#### Exercise:
The pictures must be left out, while the rest of the data is copied exactly.

#### Dataset extract:
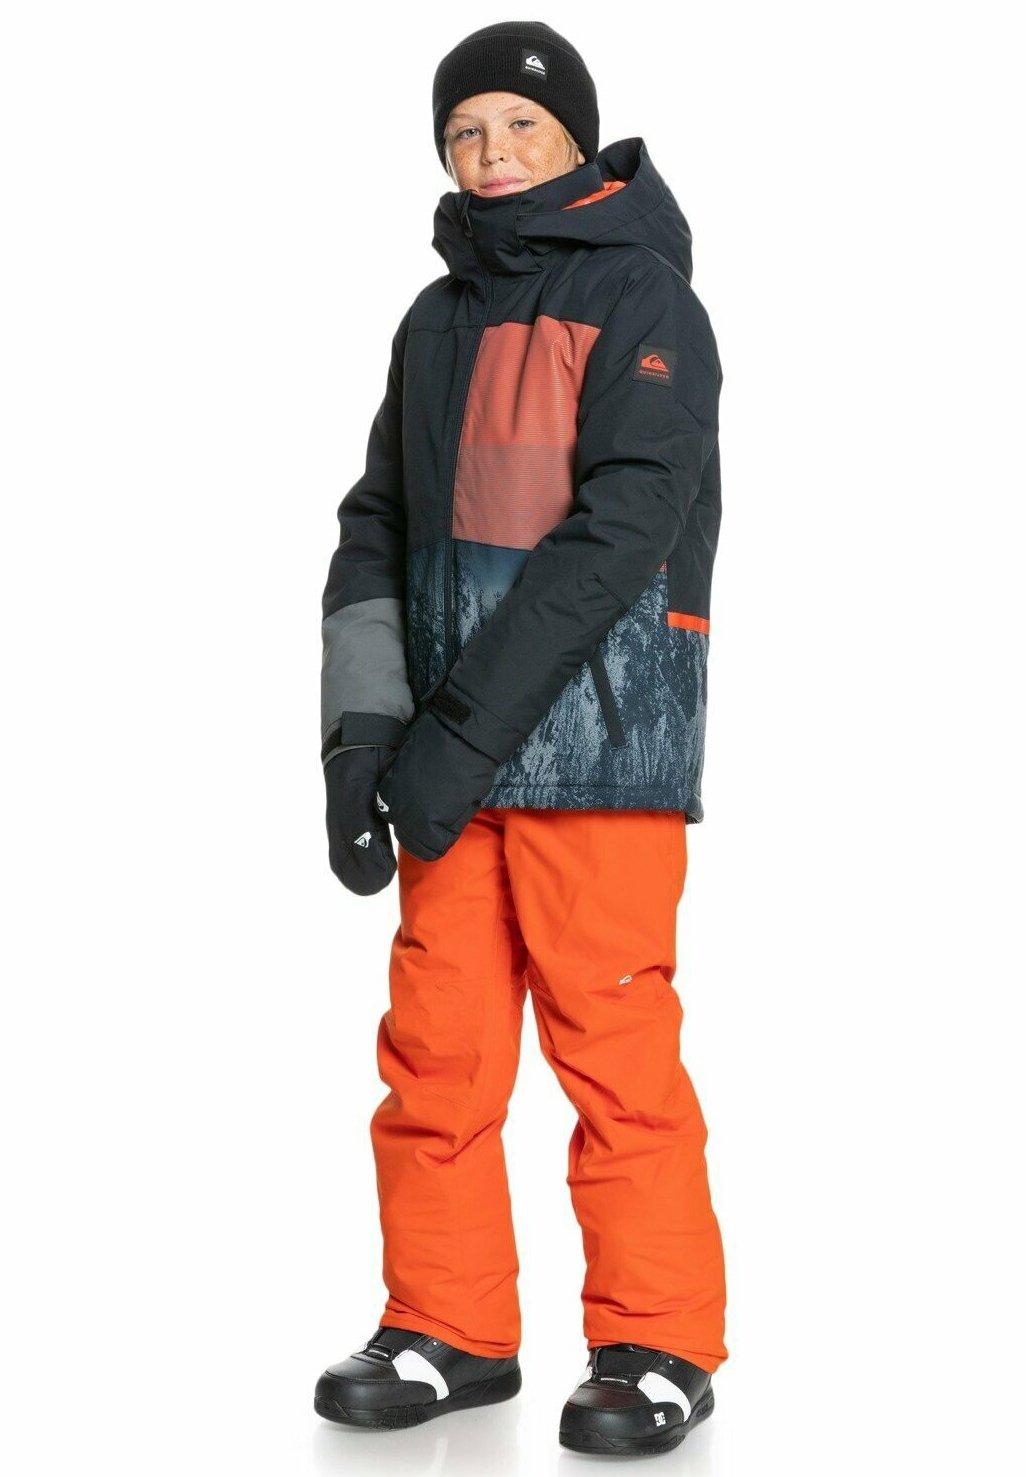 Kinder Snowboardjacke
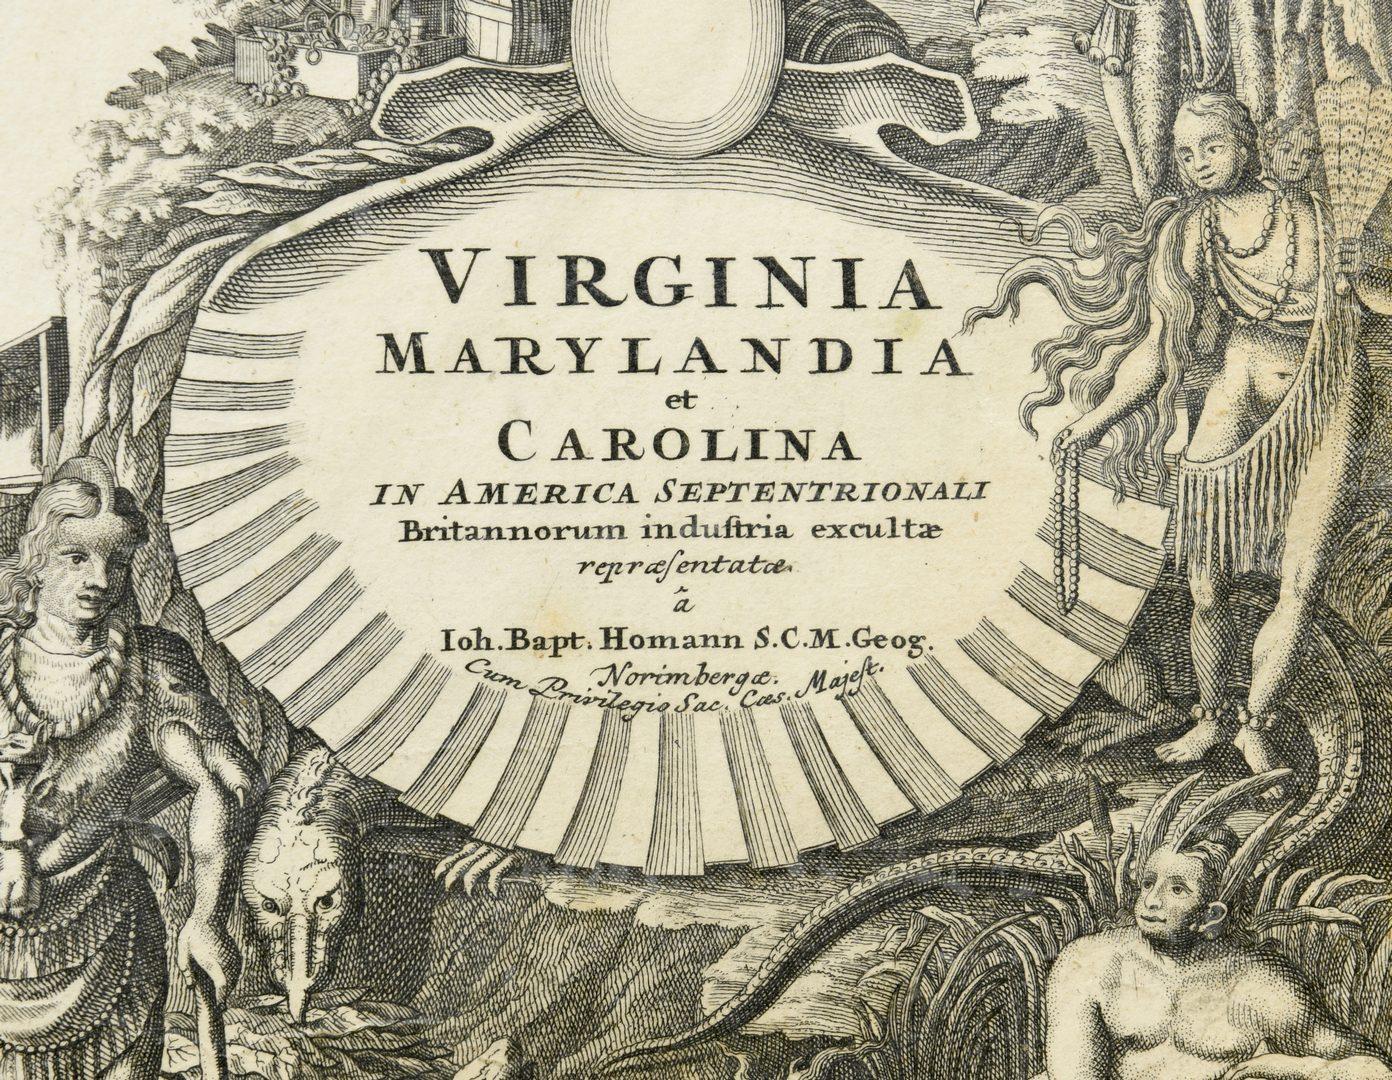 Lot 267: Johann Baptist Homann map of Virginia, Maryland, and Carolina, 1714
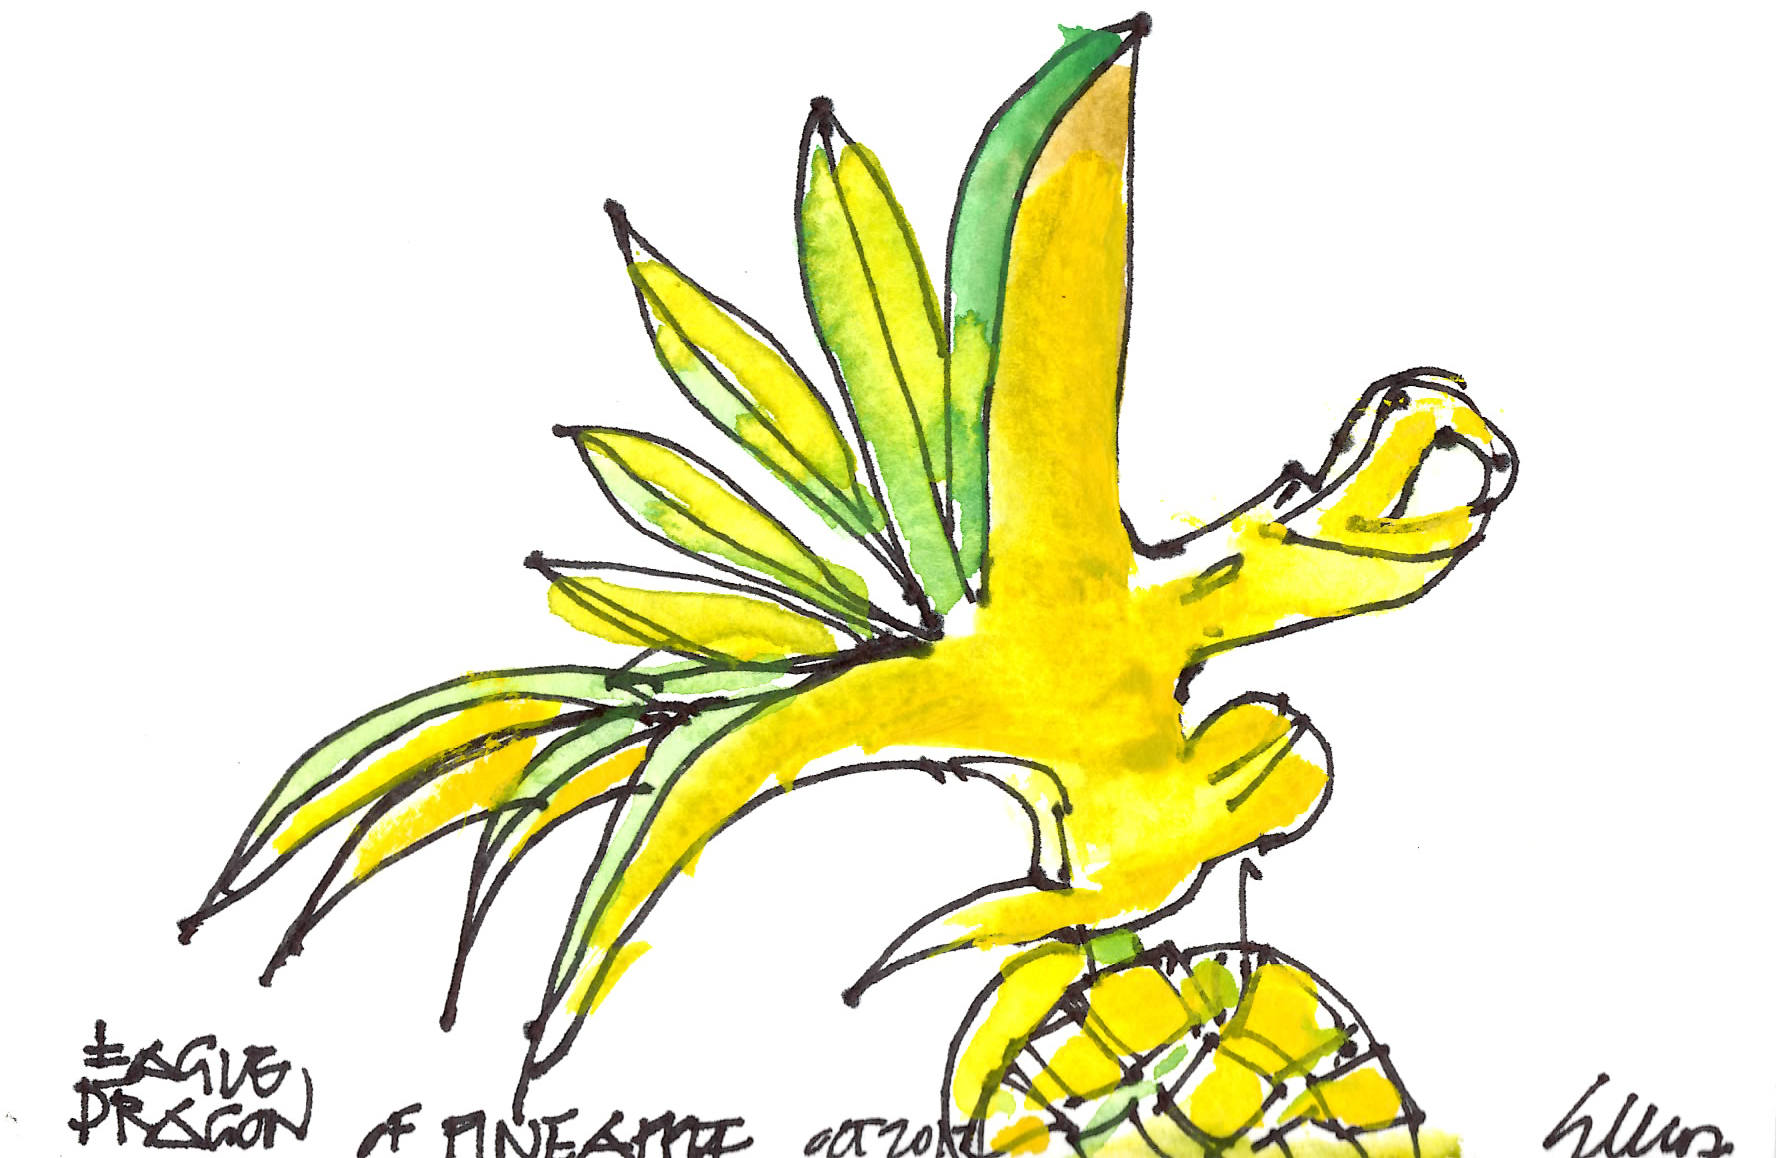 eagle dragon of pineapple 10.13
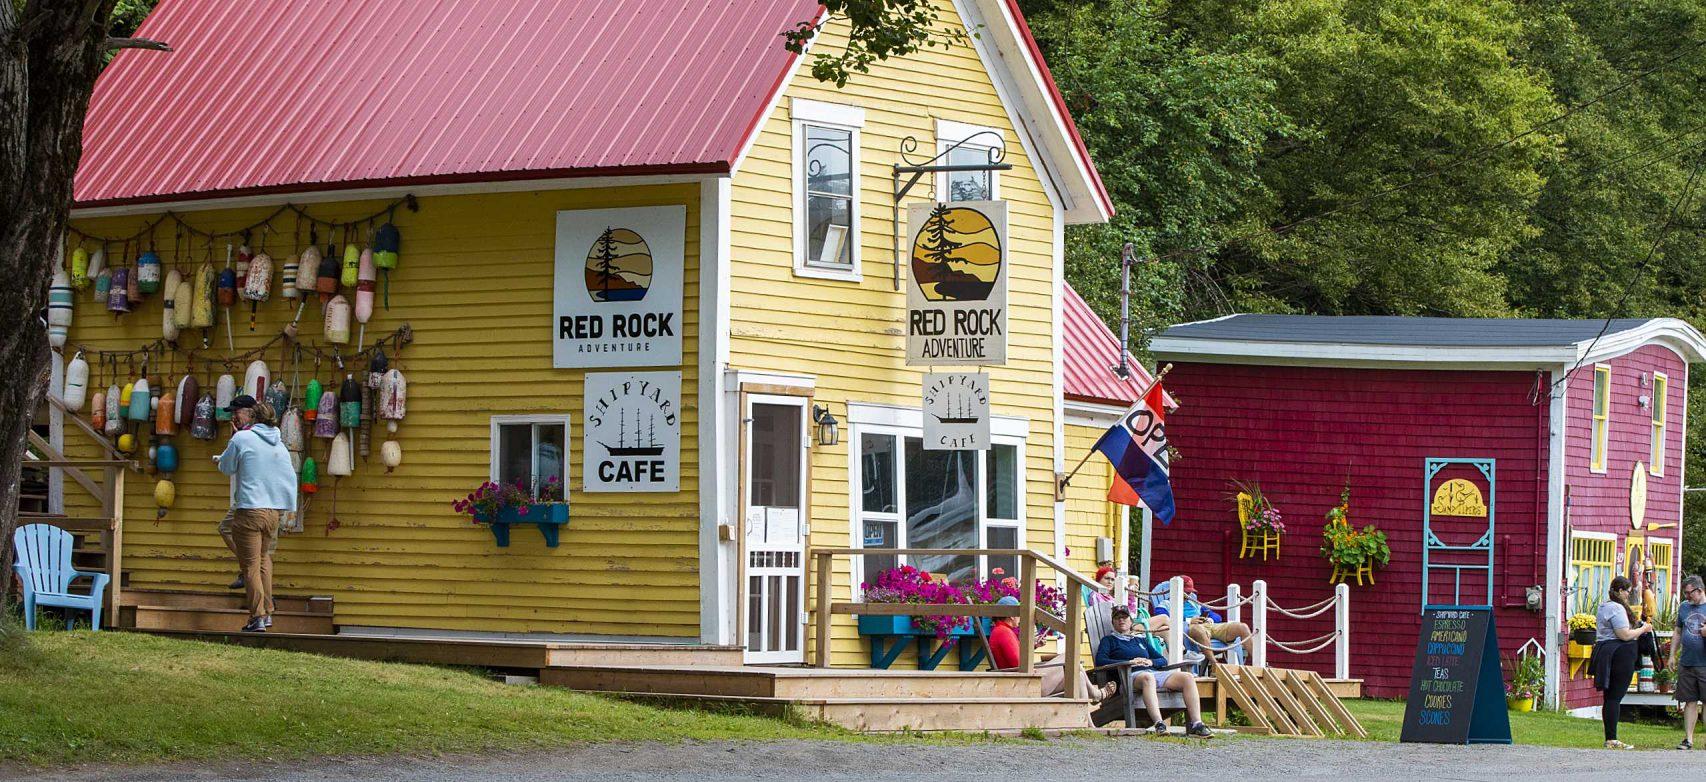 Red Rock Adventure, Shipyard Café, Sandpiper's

#### Your solution:
 Kinder Snowboardjacke
 Lot 267: Johann Baptist Homann map of Virginia, Maryland, and Carolina, 1714
 eagle dragon of pineapple 10.13
 Red Rock Adventure, Shipyard Café, Sandpiper's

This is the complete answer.